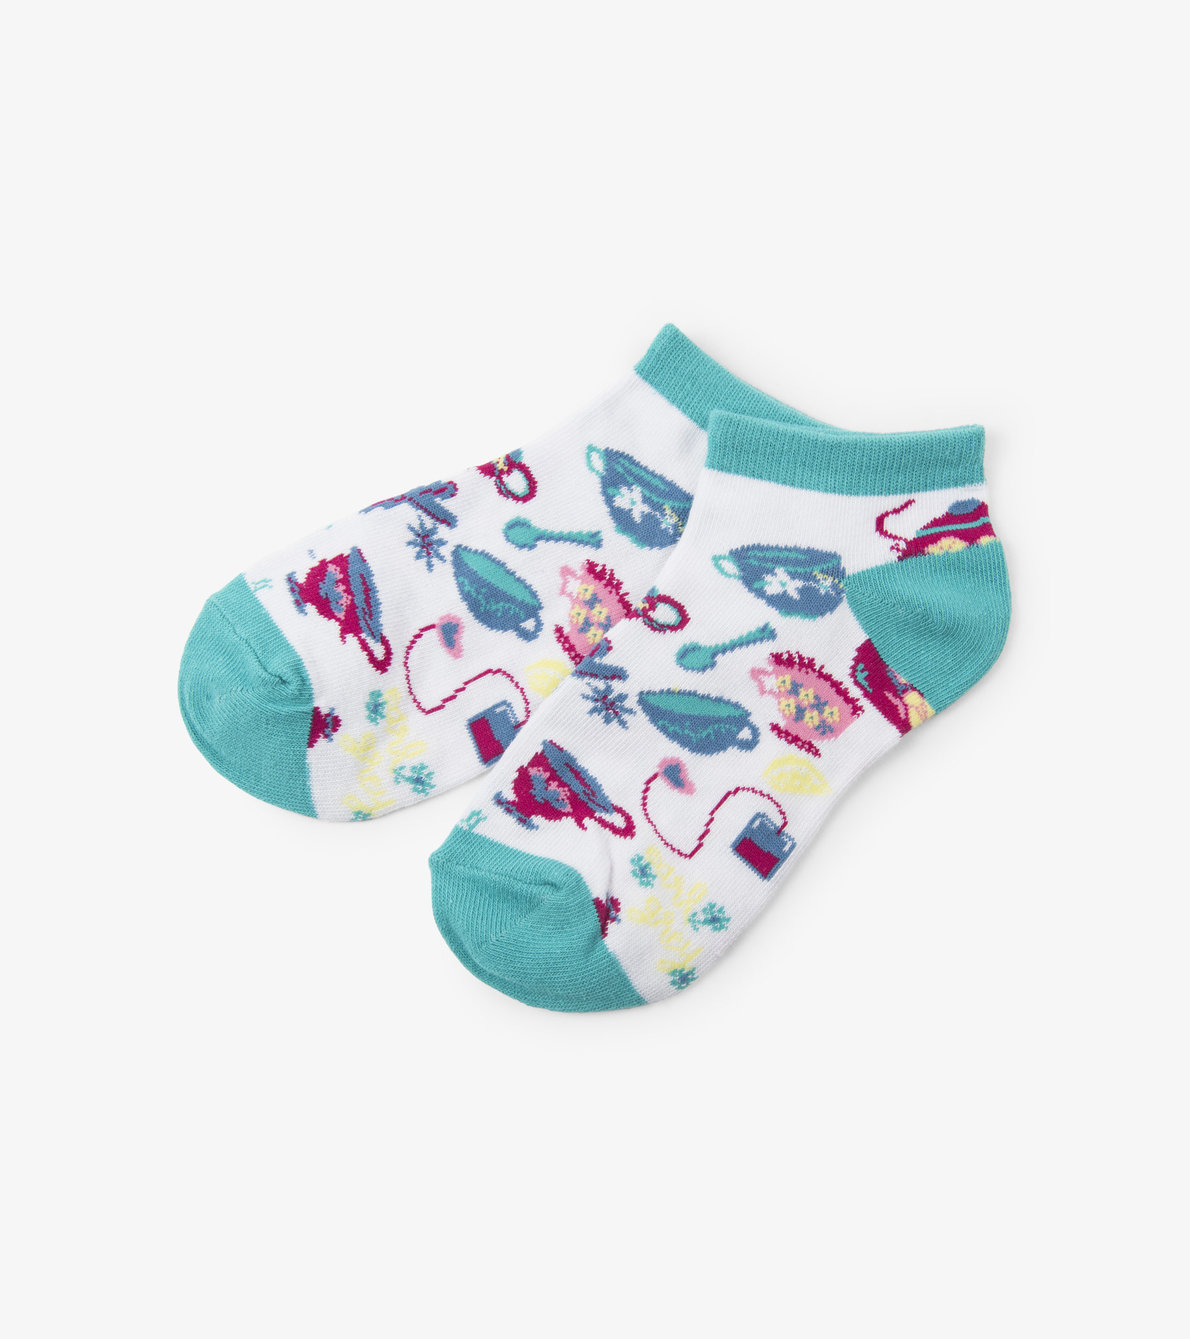 View larger image of Tea Time Women's Ankle Socks
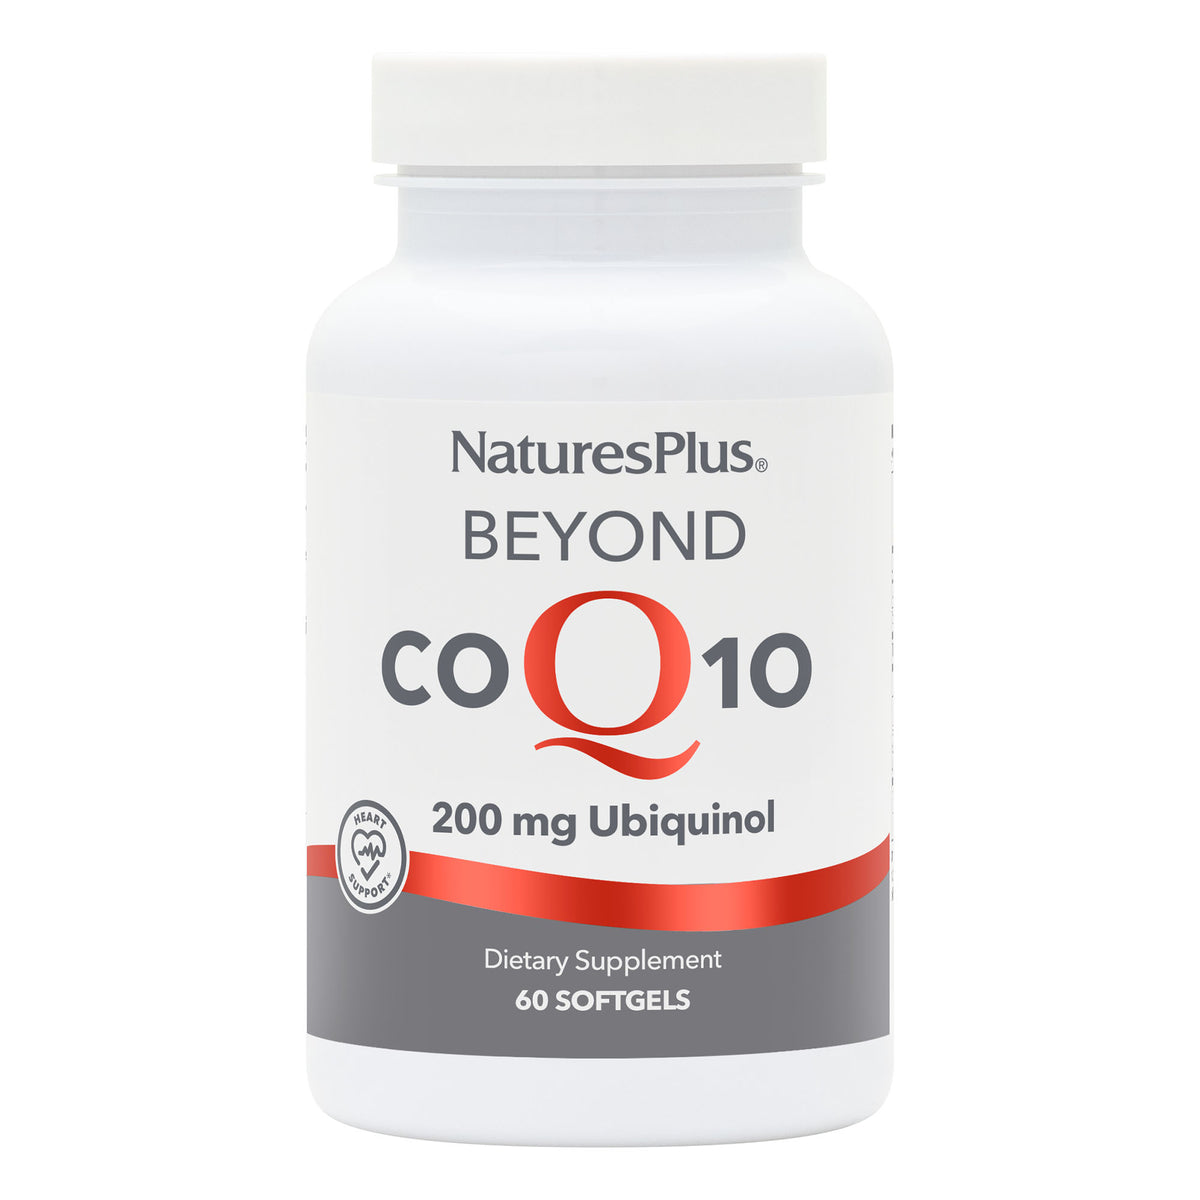 product image of Beyond CoQ10® 200 mg Softgels containing 60 Count
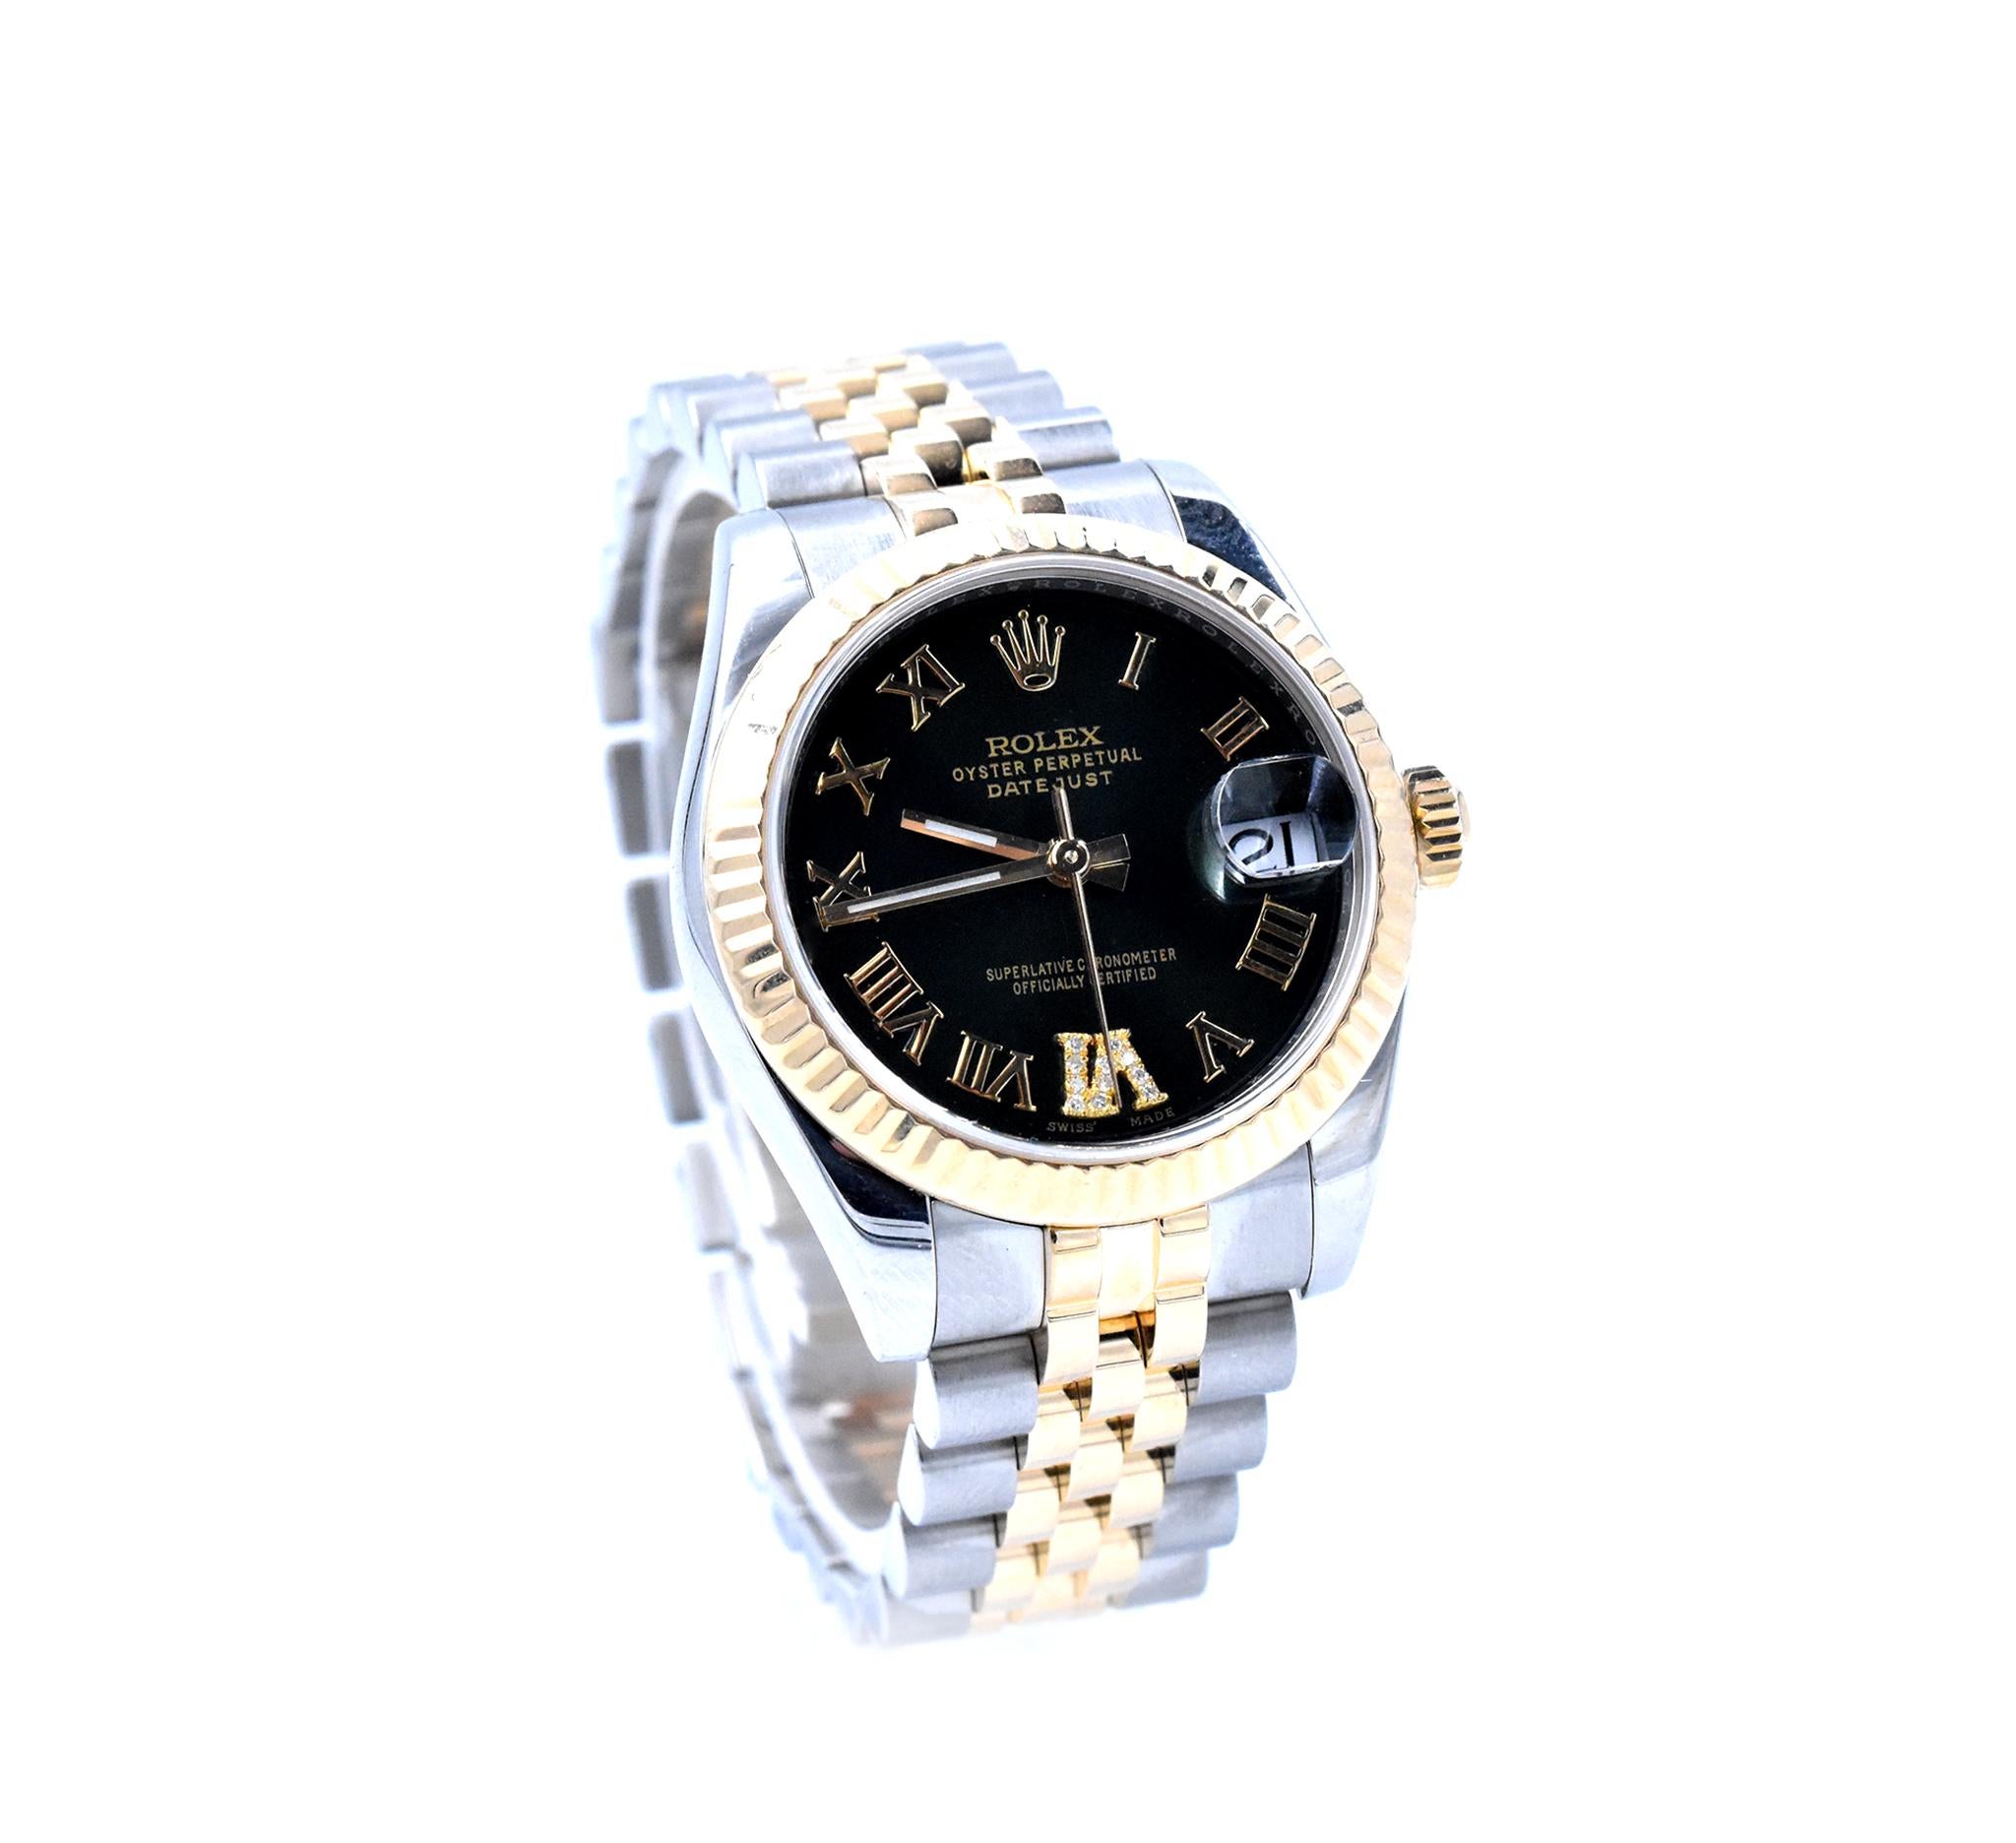 Movement: automatic movement
Function: hours, minutes, seconds, date
Case: round 31mm stainless steel case with fluted 18k yellow gold bezel, inner reflector ring engraved with serial number, sapphire crystal, screw-down crown, water proof to 100
----
§ Description of the task
Output the records above exactly as written, but leave out the pictures.

§ Task response
 View larger image of Tea Time Women's Ankle Socks
 product image of Beyond CoQ10® 200 mg Softgels containing 60 Count
 Movement: automatic movement
Function: hours, minutes, seconds, date
Case: round 31mm stainless steel case with fluted 18k yellow gold bezel, inner reflector ring engraved with serial number, sapphire crystal, screw-down crown, water proof to 100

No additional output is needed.